Image description
A well-wisher embraces freed prisoner Raed al-Saadi, 56, who spent 36 years in Israeli prisons on January 25. | Agence France-Presse/ Zain Jaafar

SINCE January 20, 2025, the world has closely watched the exchange of captives between Israel and Hamas. This ceasefire — despite its fragility and Israel’s repeated violations — took effect on January 19, 2025. It marks a critical moment that underscores the immense physical and psychological toll the genocide has inflicted on both sides. The first swap saw 3 Israelis and 90 Palestinians released. Five days later, a second swap took place, with four Israelis exchanged for 200 Palestinians. On January 30, 2025, another 3 Israelis were freed by Hamas, prompting the release of 110 Palestinians, including 30 minors. The fourth and fifth exchanges occurred on February 1 and 8, respectively, with 6 Israelis and approximately 360 Palestinians being freed. These exchanges were widely covered by international media outlets.

However, the media coverage surrounding the release of Israeli and Palestinian captives revealed stark disparities in how each group was portrayed. These discrepancies highlight the biased nature of media reporting and its tendency to dehumanise Palestinians in the eyes of the global audience. Western media outlets, including The New York Times, BBC, and CNN, devoted extensive coverage to the Israeli captives. These reports delved into their lives, backgrounds, and the emotional toll of their experiences. The stories framed these individuals as human beings with families, emotions, and rights that had been denied during their captivity. Coverage often highlighted their deprivation of basic rights, such as contact with their families and access to medical care.

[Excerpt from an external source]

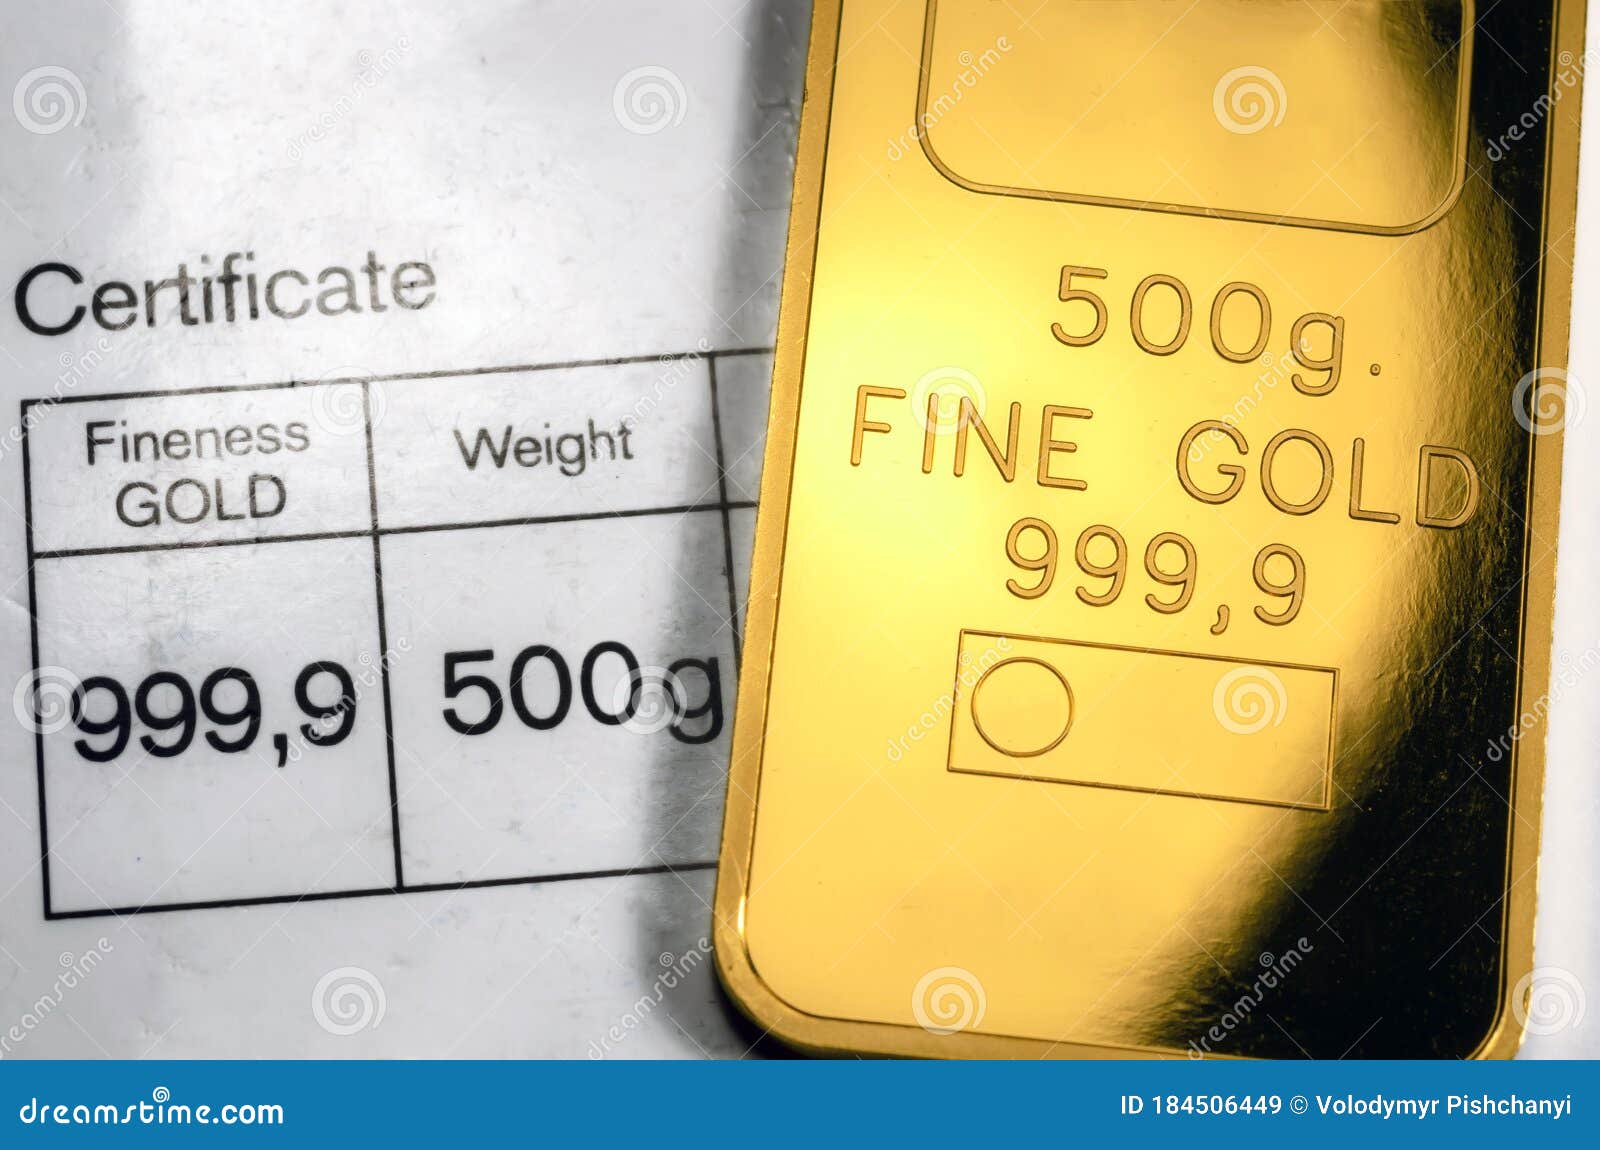 500 граммов в рублях. Стандартный золотой слиток. 500 Грамм золота. Слиток 500 грамм. Вес золотого слитка.

In contrast, reports on Palestinian captives were sparse and frequently lacked any humanising detail. Palestinian captives were often reduced to mere statistics, with little or no effort made to share their personal stories. While Israeli captives were presented as individuals with names, families, and emotional depth, Palestinian captives were frequently referred to as ‘prisoners’ or ‘detainees,’ with little attention given to their suffering or the lifelong struggles they endure. The imbalance in coverage was glaring: the names and faces of Israeli captives were widely shared, while the Palestinian captives remained largely anonymous.

The implicit message conveyed by Western media is that Israeli lives are inherently more valuable than Palestinian lives. By focusing heavily on Israeli captives — framing them as individuals with full lives, families, and dreams — the media reinforces the notion that Israeli suffering deserves global attention and worldwide sympathy. In contrast, Palestinians are often depicted as less human, their suffering minimised or ignored. This narrative feeds into the larger, harmful perception that Palestinians are disposable, that their pain is inconsequential, and that their lives are less significant than those of Israelis.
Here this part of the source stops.